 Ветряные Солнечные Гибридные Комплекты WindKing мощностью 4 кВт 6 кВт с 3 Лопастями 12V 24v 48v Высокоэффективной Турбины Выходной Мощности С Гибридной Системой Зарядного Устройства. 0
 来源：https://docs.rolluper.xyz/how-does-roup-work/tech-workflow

==

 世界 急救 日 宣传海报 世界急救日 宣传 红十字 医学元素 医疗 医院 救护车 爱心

**WHAT NEEDS TO BE DONE:** Of the lines above, output exactly those from the line bearing "Ветряные Солнечные Гибридные" through the line bearing "来源：https://doc", inclusive.

**THE ANSWER:**
 Ветряные Солнечные Гибридные Комплекты WindKing мощностью 4 кВт 6 кВт с 3 Лопастями 12V 24v 48v Высокоэффективной Турбины Выходной Мощности С Гибридной Системой Зарядного Устройства. 0
 来源：https://docs.rolluper.xyz/how-does-roup-work/tech-workflow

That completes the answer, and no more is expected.